A team of five Meridian AI graduate students took first place at the 2026 NeurIPS AI Safety Hackathon, a 48-hour competition organized by the Center for AI Safety that attracted 312 teams from 68 institutions worldwide. The Meridian team was the only team to receive maximum scores from all three judges in the final evaluation round.
The winning project, called "Canary: Continuous Behavioral Drift Detection for Deployed LLMs," addresses a practical safety challenge that has become increasingly urgent as language models are integrated into high-stakes decision systems. The team built a lightweight runtime monitoring system that detects when a deployed LLM begins producing outputs that diverge from its evaluated behavior — a phenomenon sometimes called "behavioral drift" that can occur due to changes in input distribution, prompt injection, or subtle model updates.
"The core insight is that you can detect drift without access to ground truth labels," explained team lead Preet Ahluwalia, a second-year PhD student in the School of AI Safety under the supervision of Dr. James Okafor. "We use a combination of output distribution statistics and a small set of synthetic probe queries to build a behavioral fingerprint at deployment time, then monitor for divergence. It runs in under two milliseconds per inference on CPU."
The system demonstrated a 94% detection rate on a held-out set of deliberately introduced drift scenarios, with a false positive rate of under 1.2%. Judges noted the practical deployability and the clarity of the technical writeup.

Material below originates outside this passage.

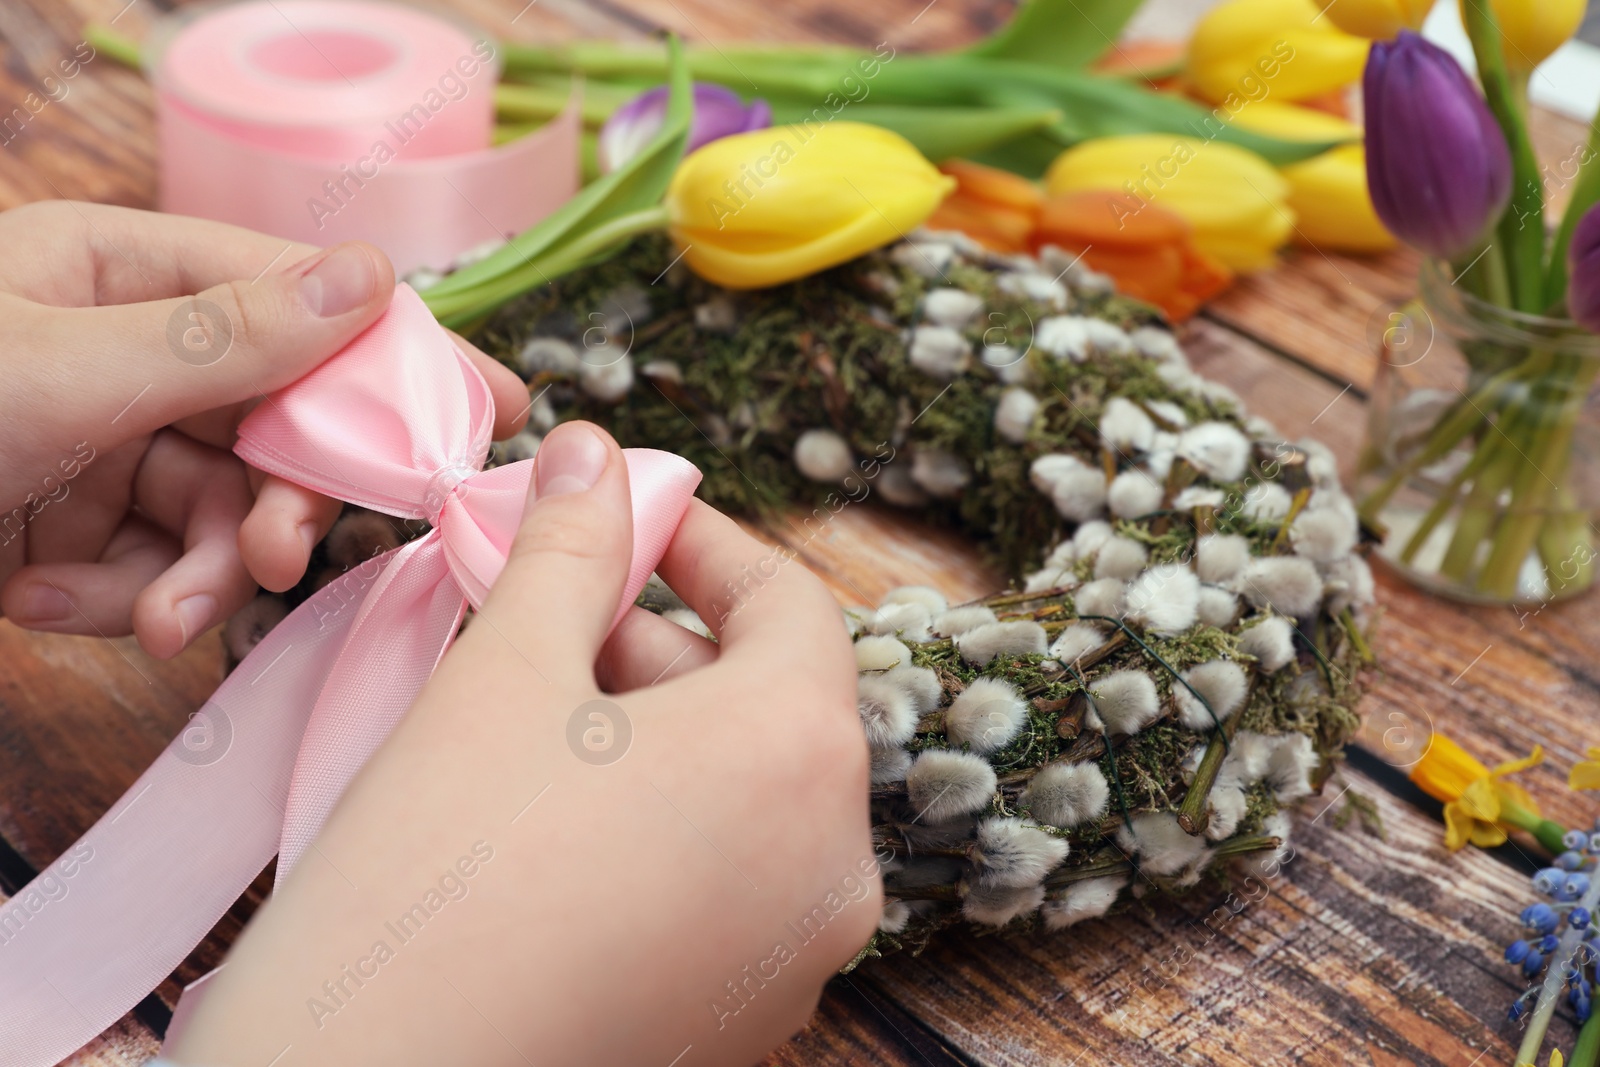 Photo of Woman decorating willow wreath with pink bow at wooden table, closeup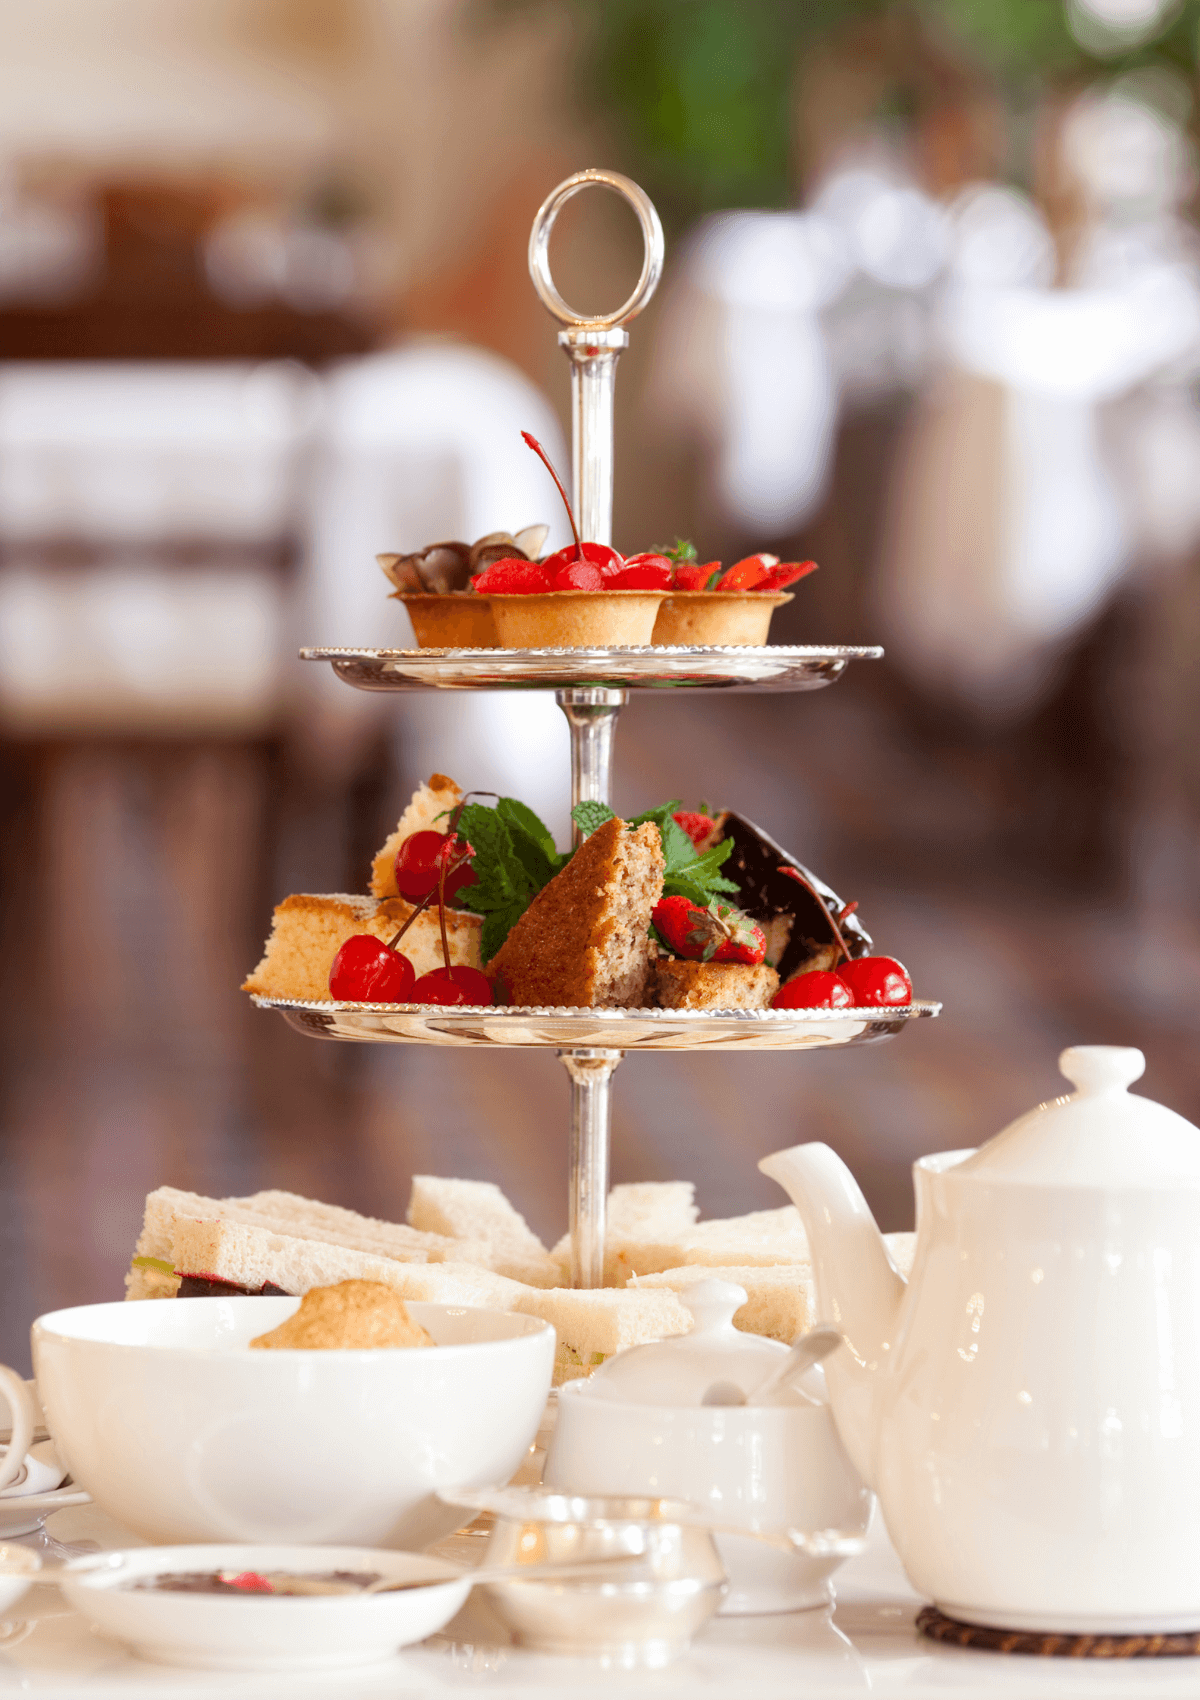 Afternoon tea deals for cheap days out in England

The winning team members are Preet Ahluwalia, Mei-Ling Zhu (PhD, SFM), Daniel Osei (MS, SSG), Valentina Rossi (MS, SAI), and Kofi Mensah (MS, SSG). The team will present a paper based on their work at the Meridian AI spring research symposium in April.
"This win reflects the depth of our students and the interdisciplinary training they receive," said Dr. James Okafor, faculty advisor. "Preet brought the safety-theoretic framing; Valentina and Kofi brought the production engineering perspective. That combination is exactly what we are trying to build here."
The team will receive a $15,000 prize, which they have elected to donate to the Open LLM Reproducibility Initiative.